PROVIDED MATERIAL |
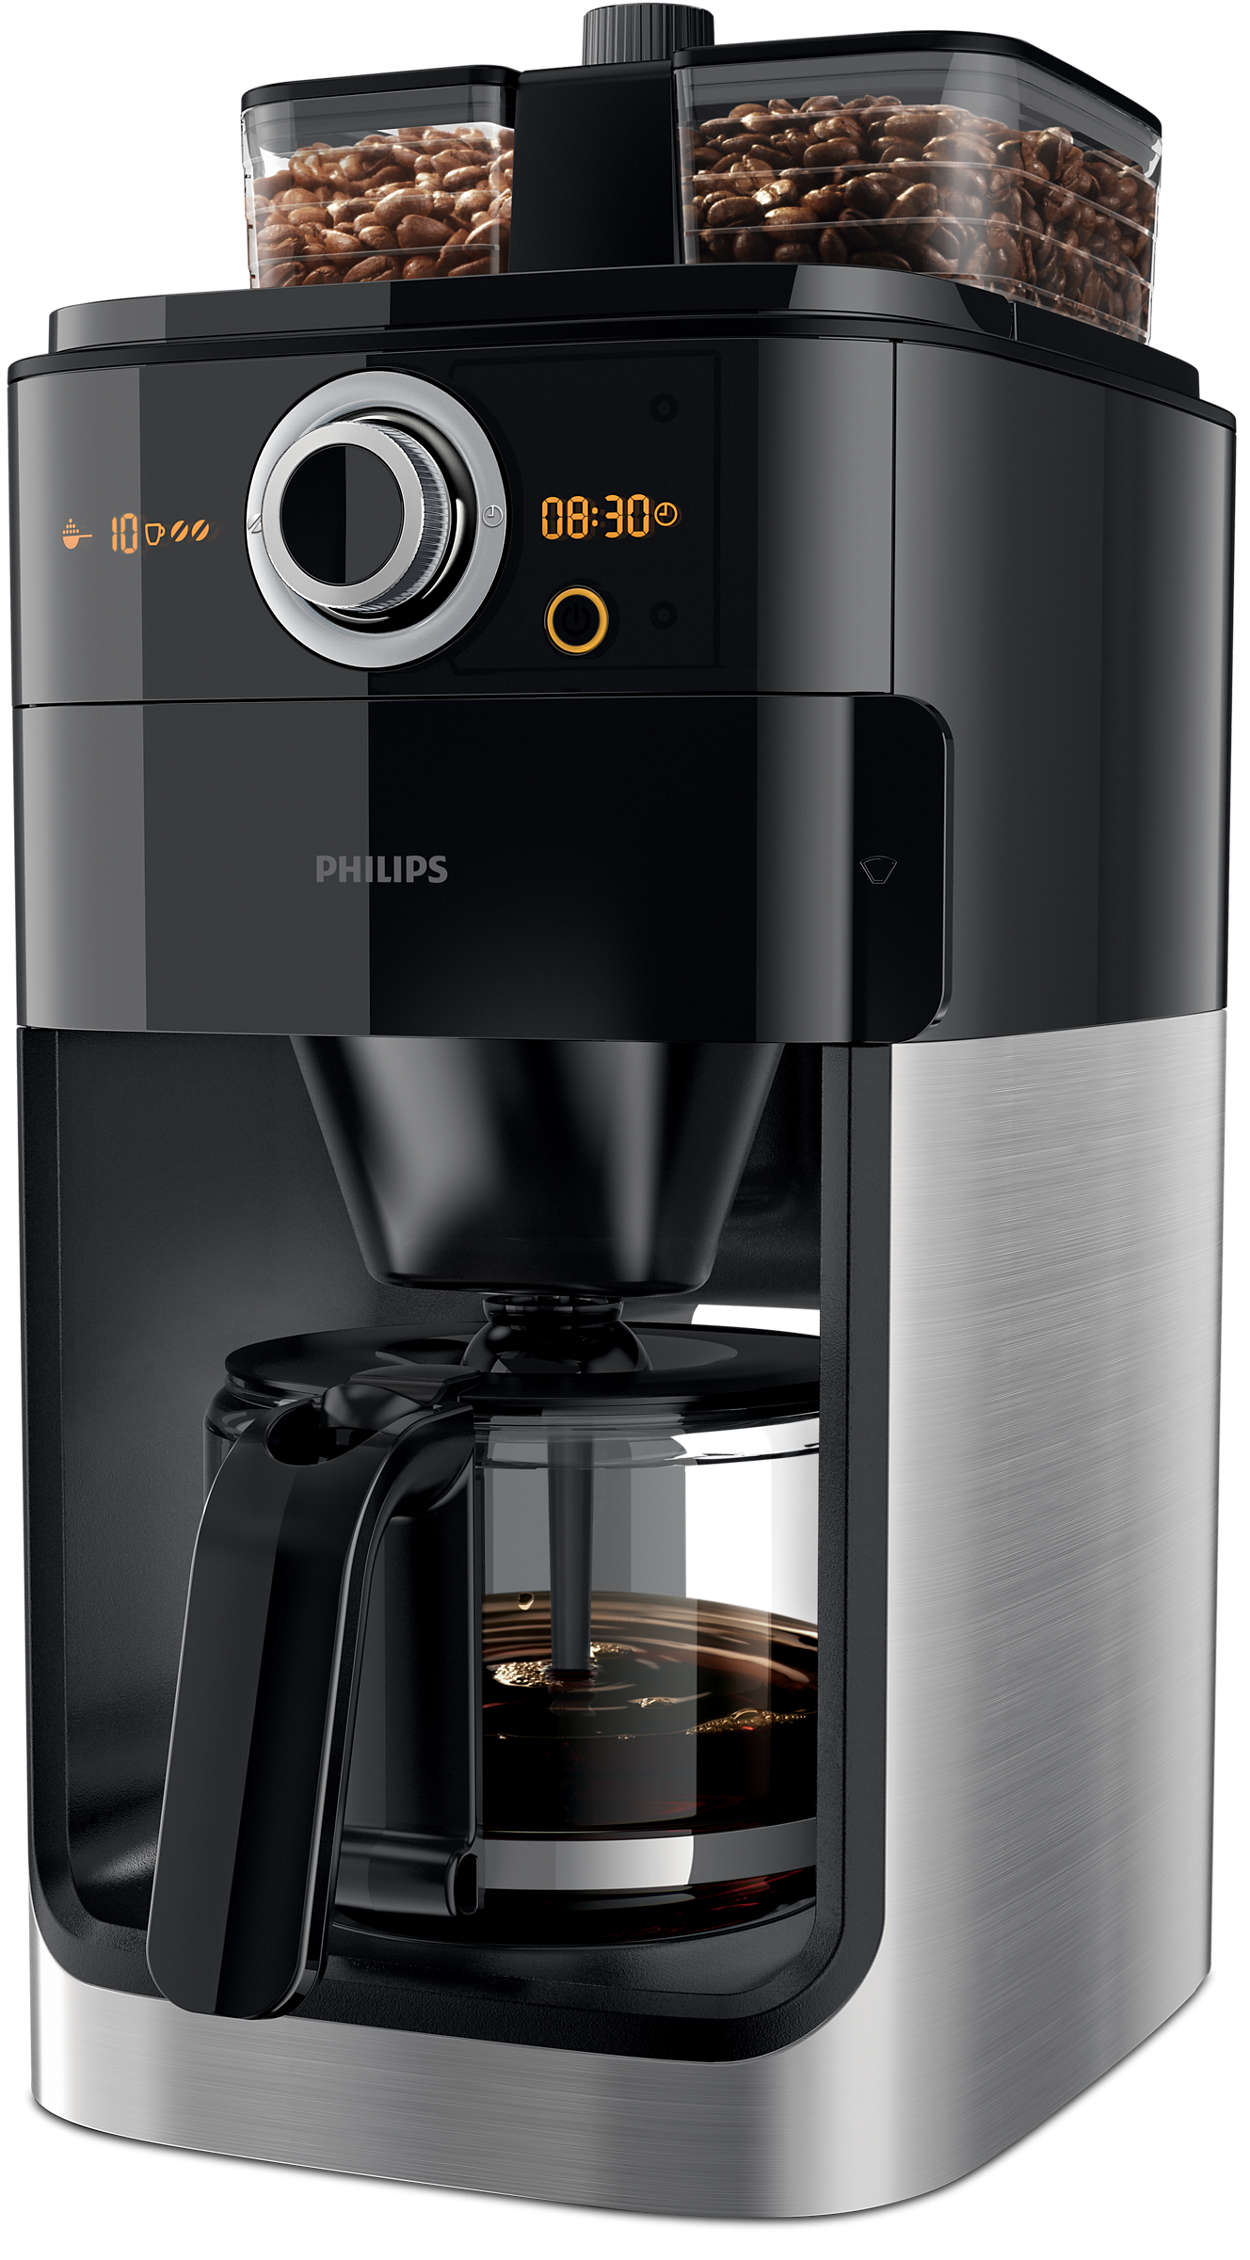 Køb Philips - & Kaffemaskine - Fri fragt
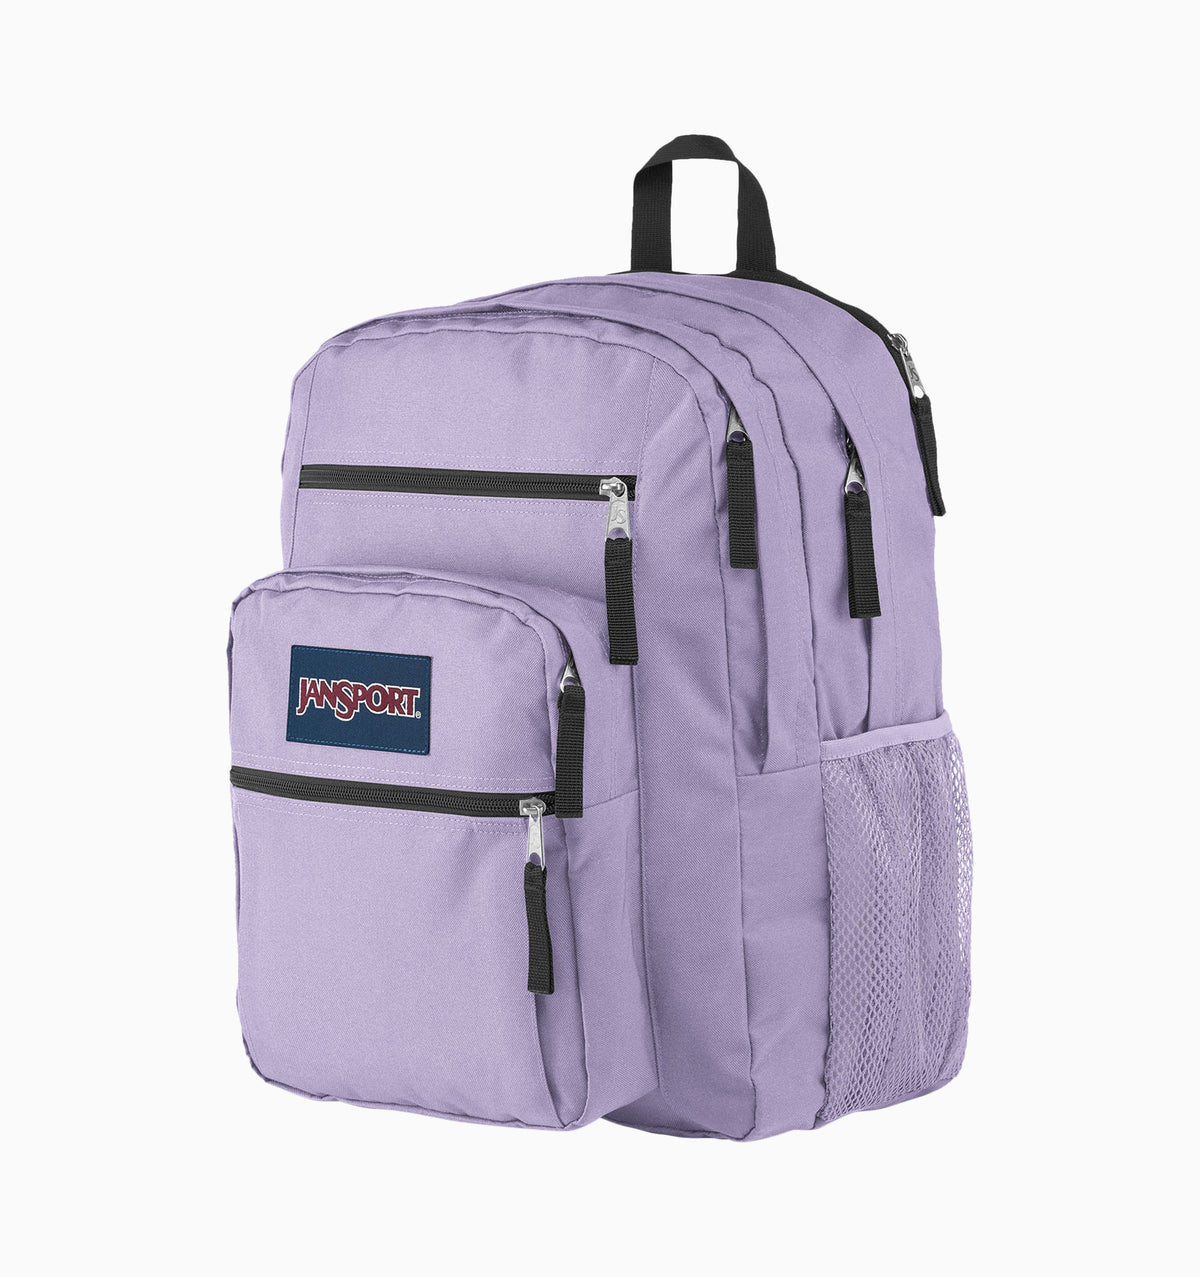 JanSport 16" Big Student Laptop Backpack 34L - Pastel Lilac
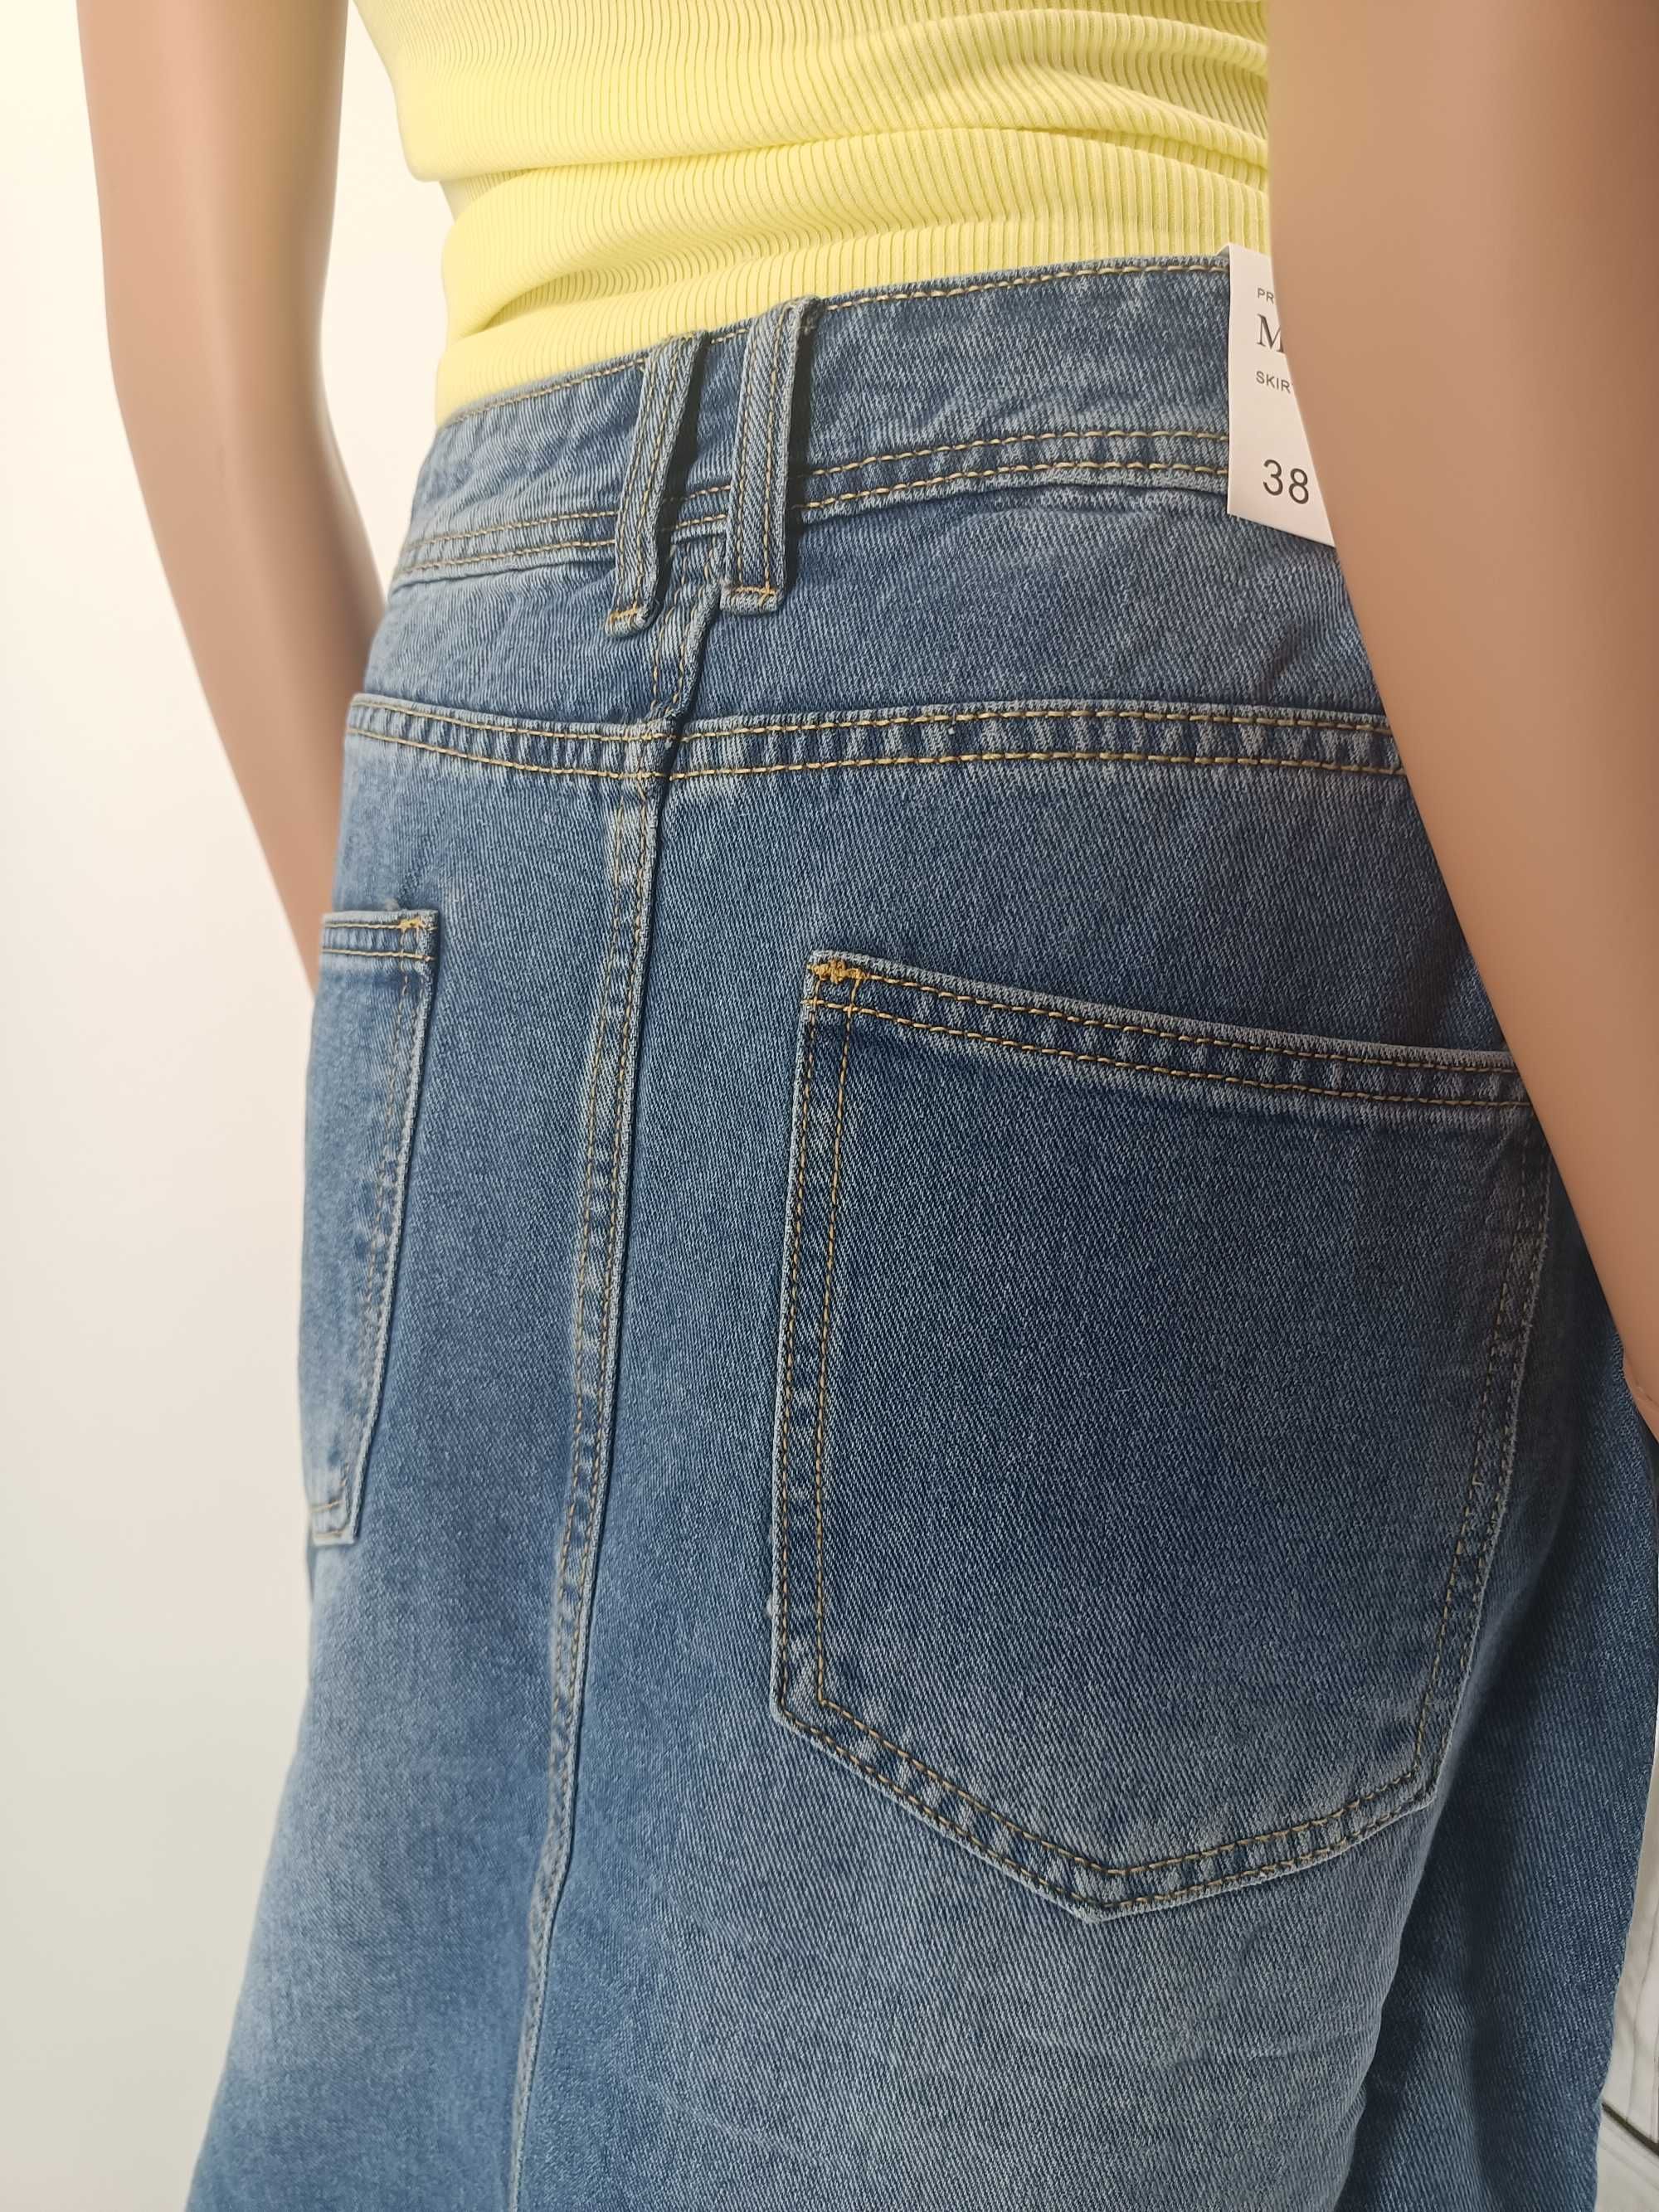 Spódnica jeans niebieska z rozcięciem maxi rozmiar 38 M

WHAT THE TASK ASKS | What you write should match, word for word, the lines from the one containing "- Pastel Lilac" to the end of the listing, with both ends kept and the pictures left out.

RESPONSE AREA |
 JanSport 16" Big Student Laptop Backpack 34L - Pastel Lilac
 Spódnica jeans niebieska z rozcięciem maxi rozmiar 38 M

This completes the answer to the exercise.